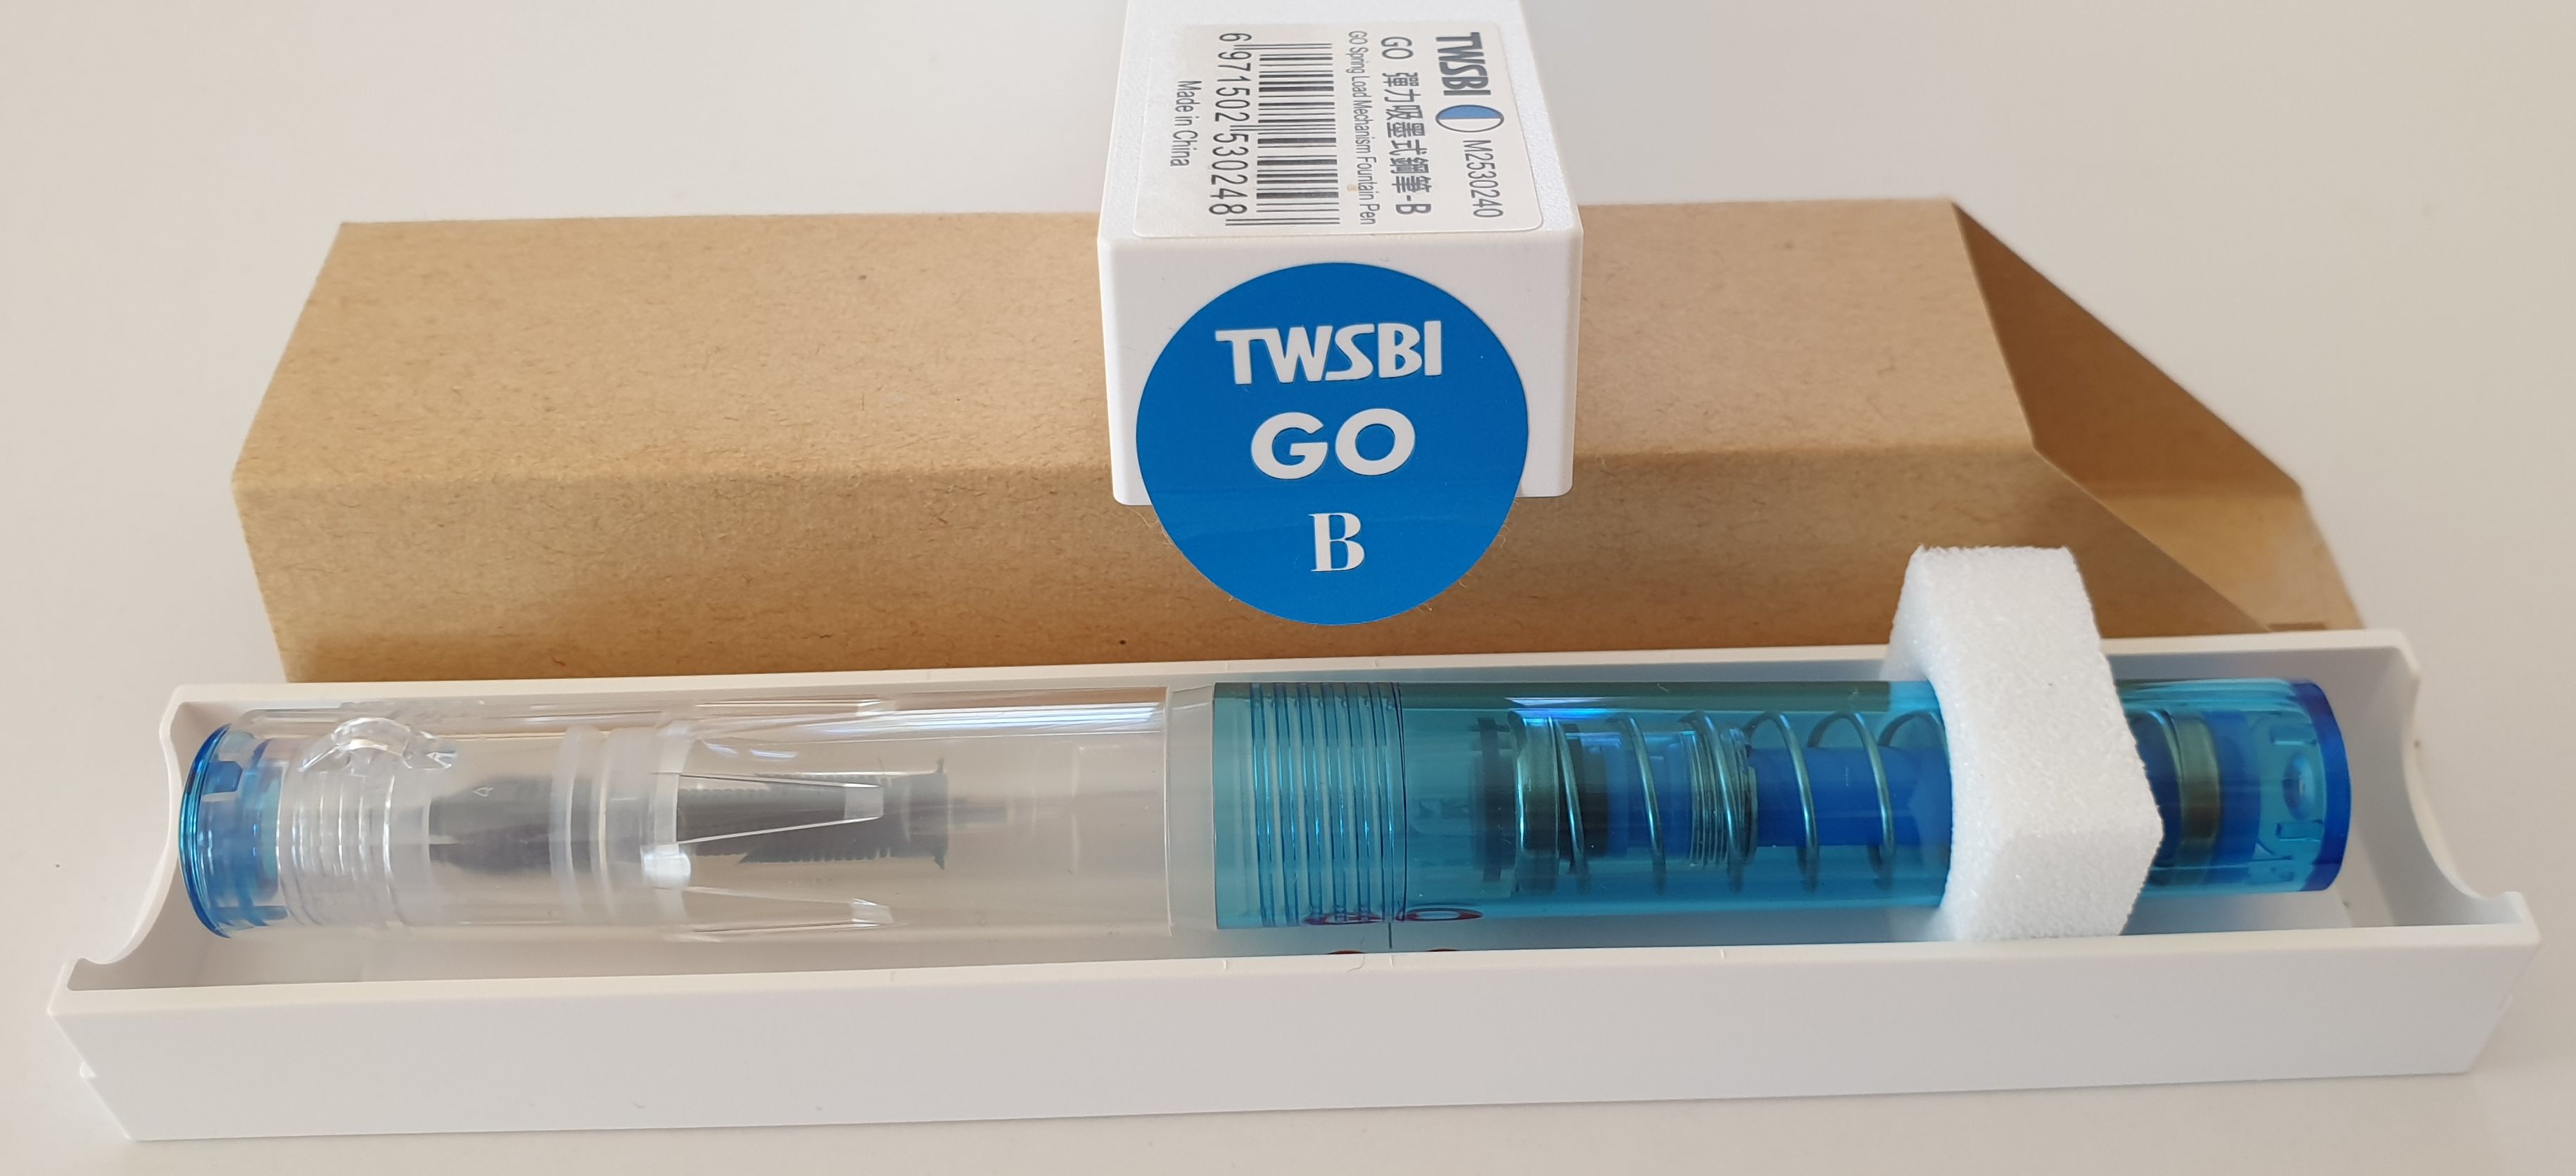 TWSBI-GO-B-blau-Verpackung.jpg
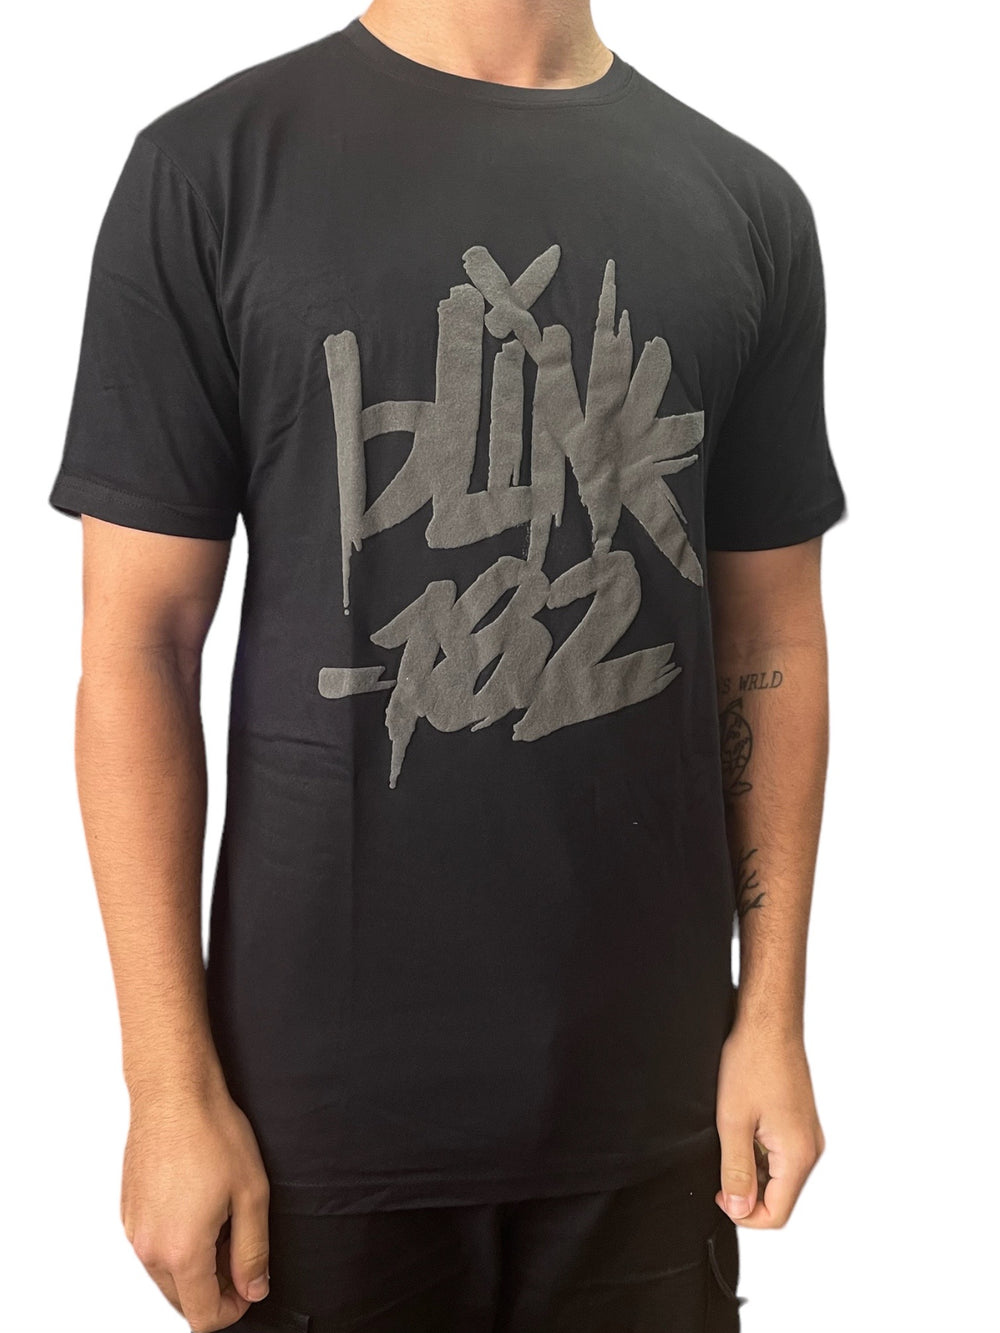 Blink 182 Neon Logo Official Unisex T Shirt Brand New Various Sizes
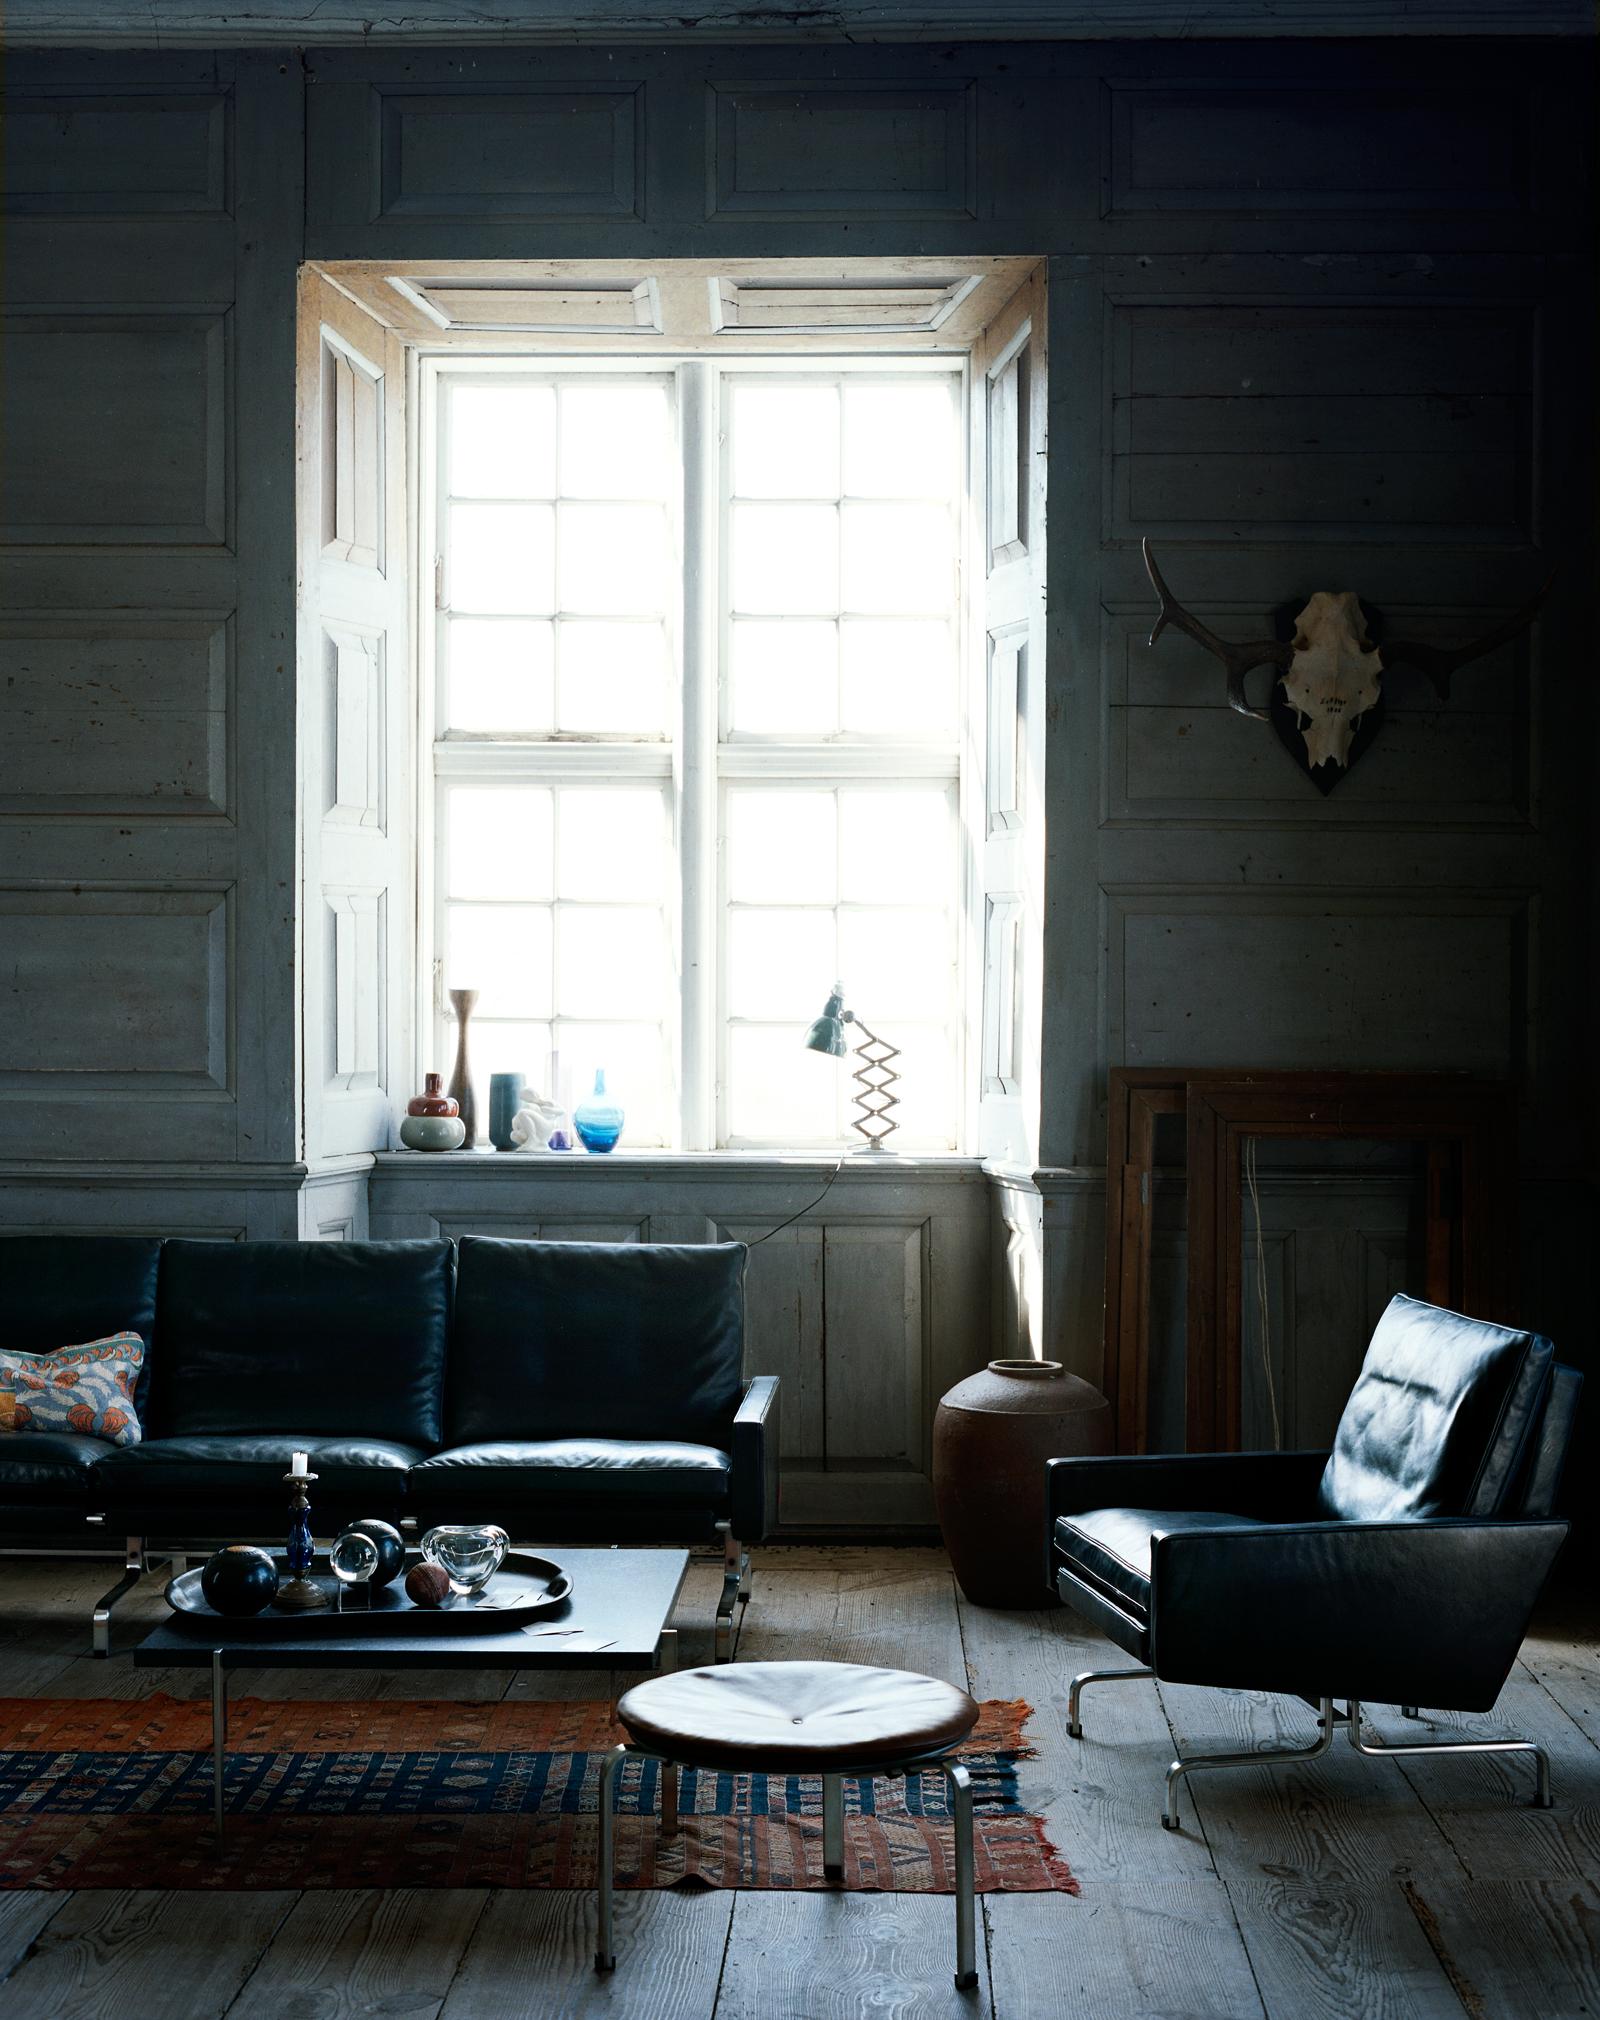 Wohnzimmer mit Sitzmöbeln aus schwarzem Leder #geweih #hocker #teppich #erkerfenster #schwarzesledersofa ©Fritz Hansen/Ditte Isager
......
> **Exercise goal**: Go to the line containing "Blink 182 Neon", then write out word for word every line from there to the end of the listing. Keep both end lines and drop the pictures.

> **Response**:
 Blink 182 Neon Logo Official Unisex T Shirt Brand New Various Sizes
 Wohnzimmer mit Sitzmöbeln aus schwarzem Leder #geweih #hocker #teppich #erkerfenster #schwarzesledersofa ©Fritz Hansen/Ditte Isager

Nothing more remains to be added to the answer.